_Dataset content_:
..............................
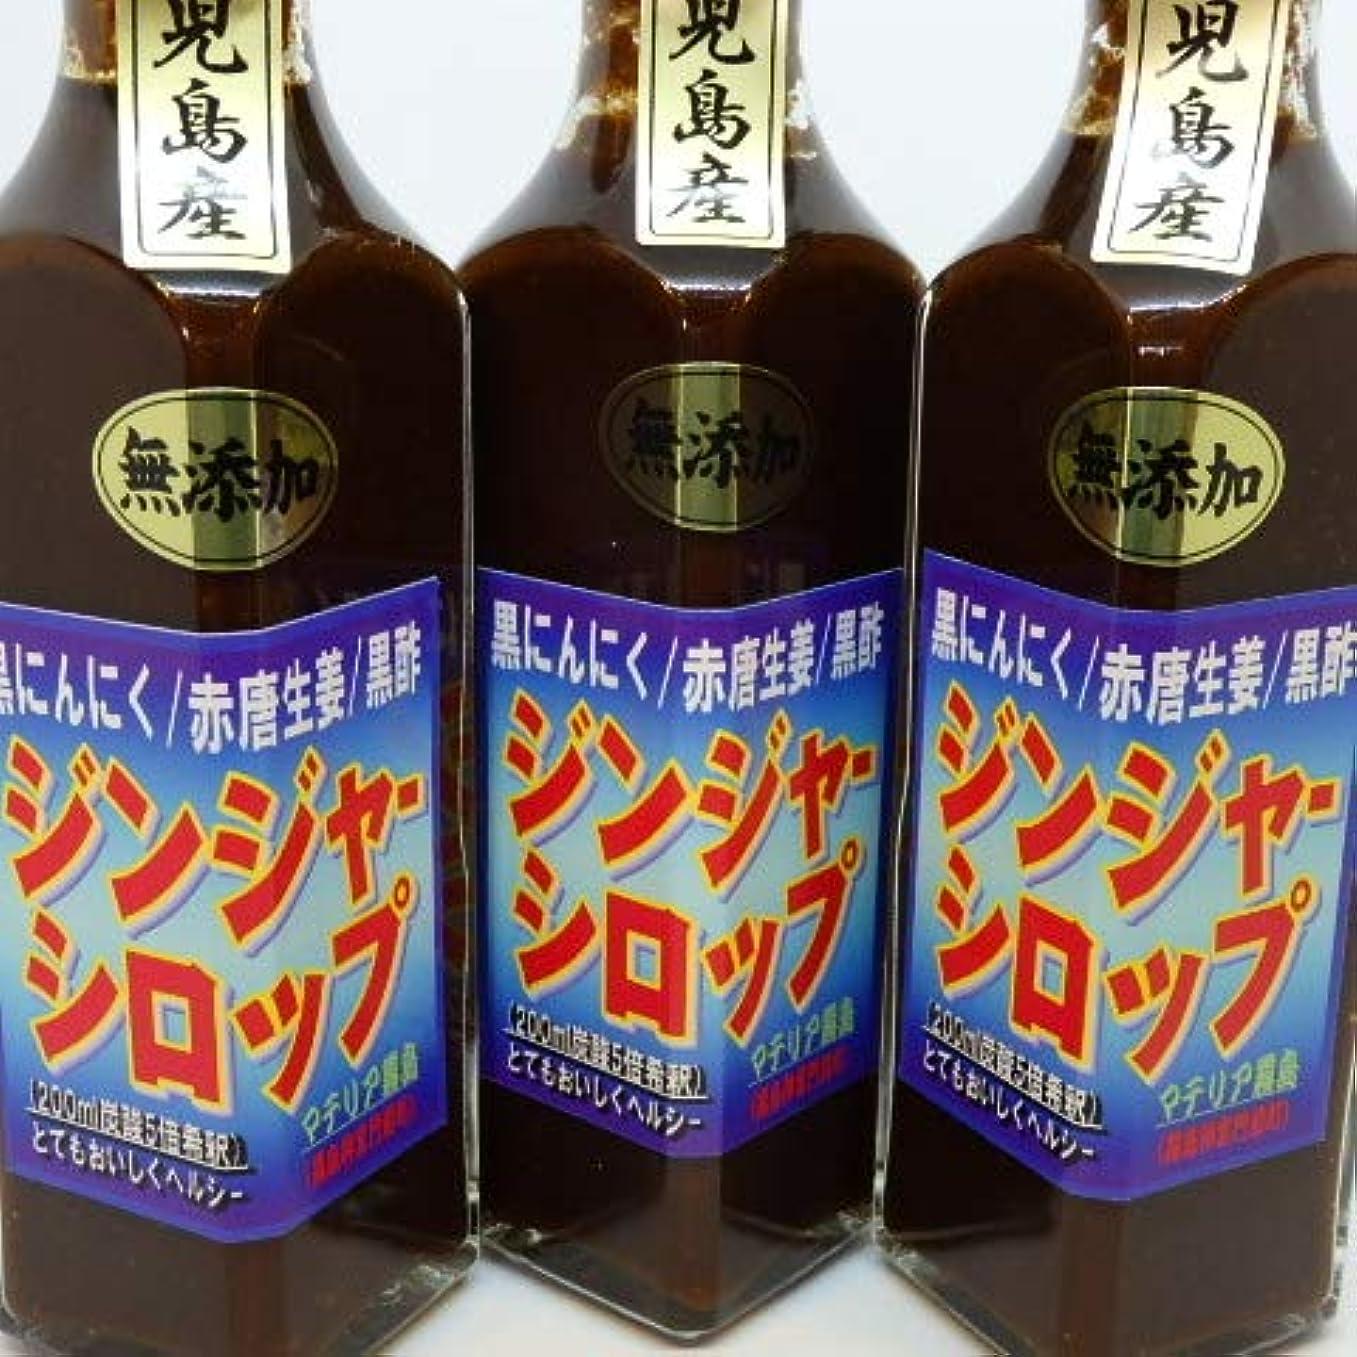 無添加健康食品/黒酢黒ジンジャ-/無添加/200ml×3組90日分¥10,800
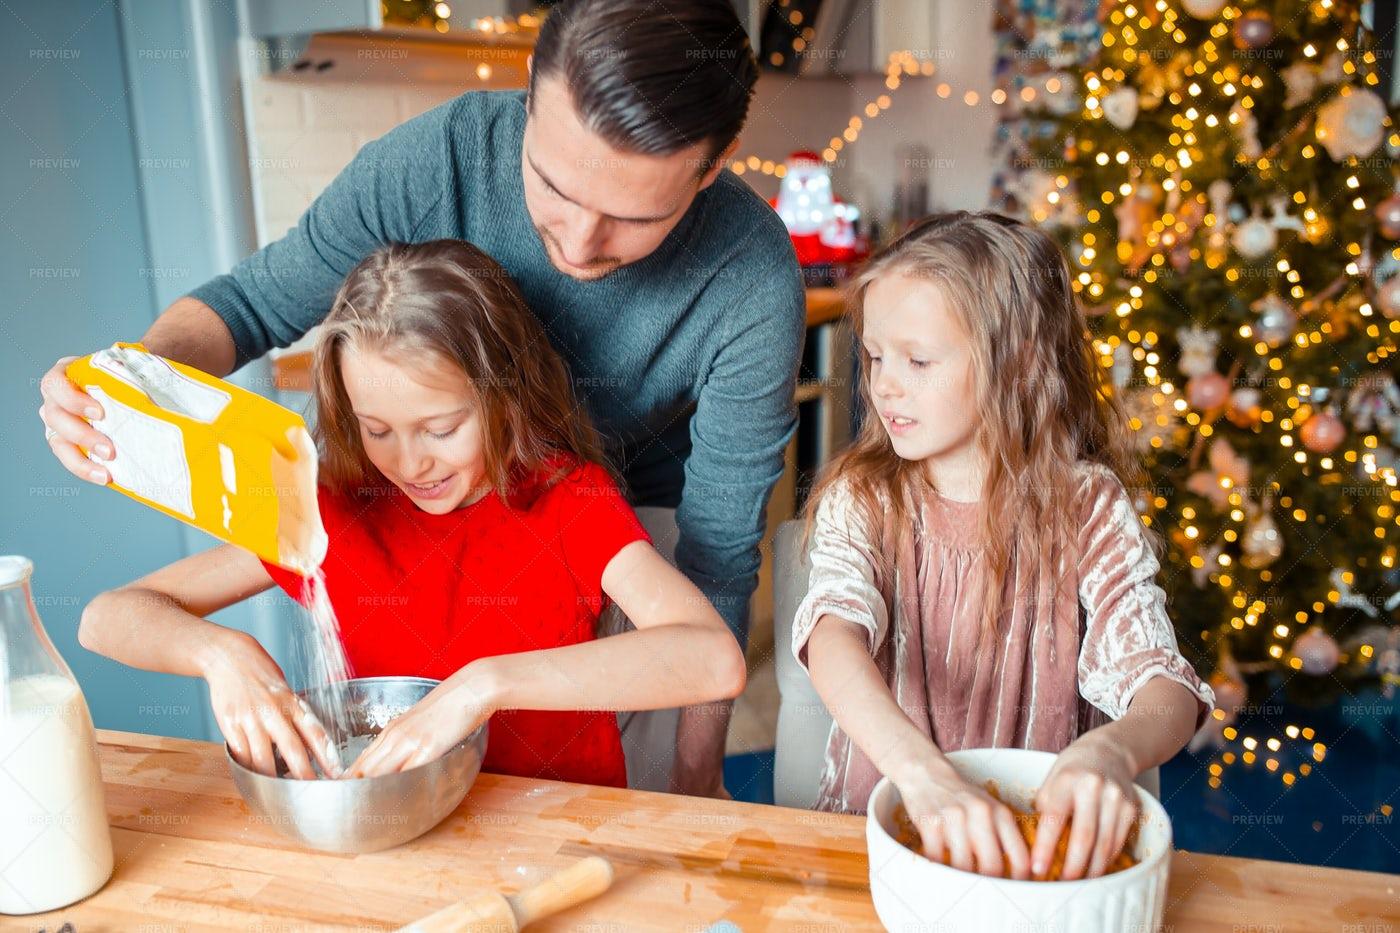 Baking Cookies On Christmas: Stock Photos
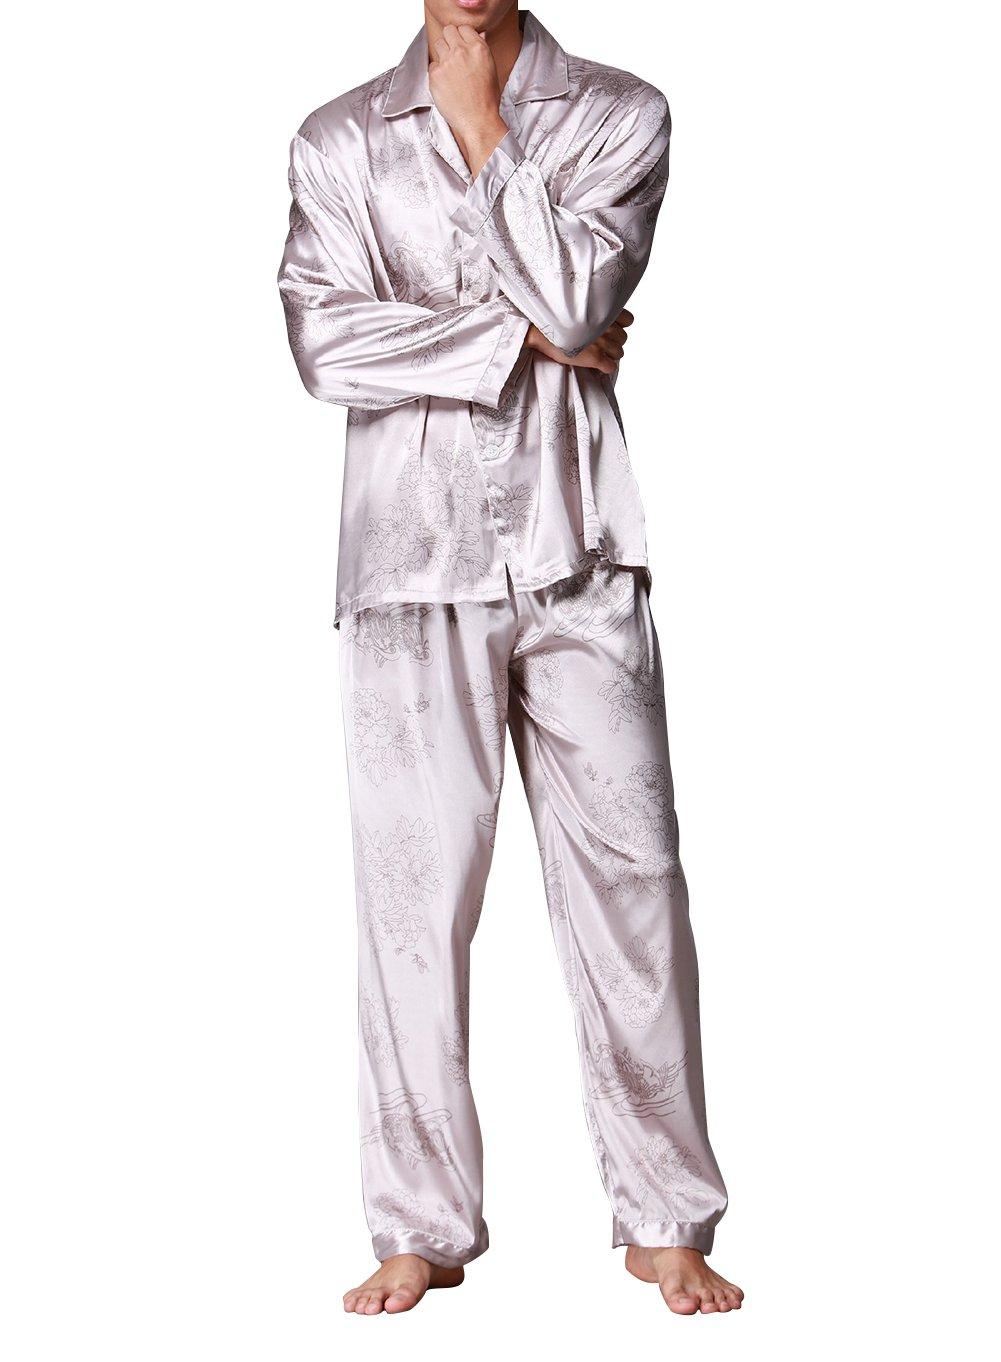 Musen Men's Silk Pajama Sets 2pcs Satin Sleepwear Loungewear Mandarin Duck Grey XL
..............................
Please repeat the data above exactly as it appears, pictures excluded.

_Answer box_:
 無添加健康食品/黒酢黒ジンジャ-/無添加/200ml×3組90日分¥10,800
 Baking Cookies On Christmas: Stock Photos
 Musen Men's Silk Pajama Sets 2pcs Satin Sleepwear Loungewear Mandarin Duck Grey XL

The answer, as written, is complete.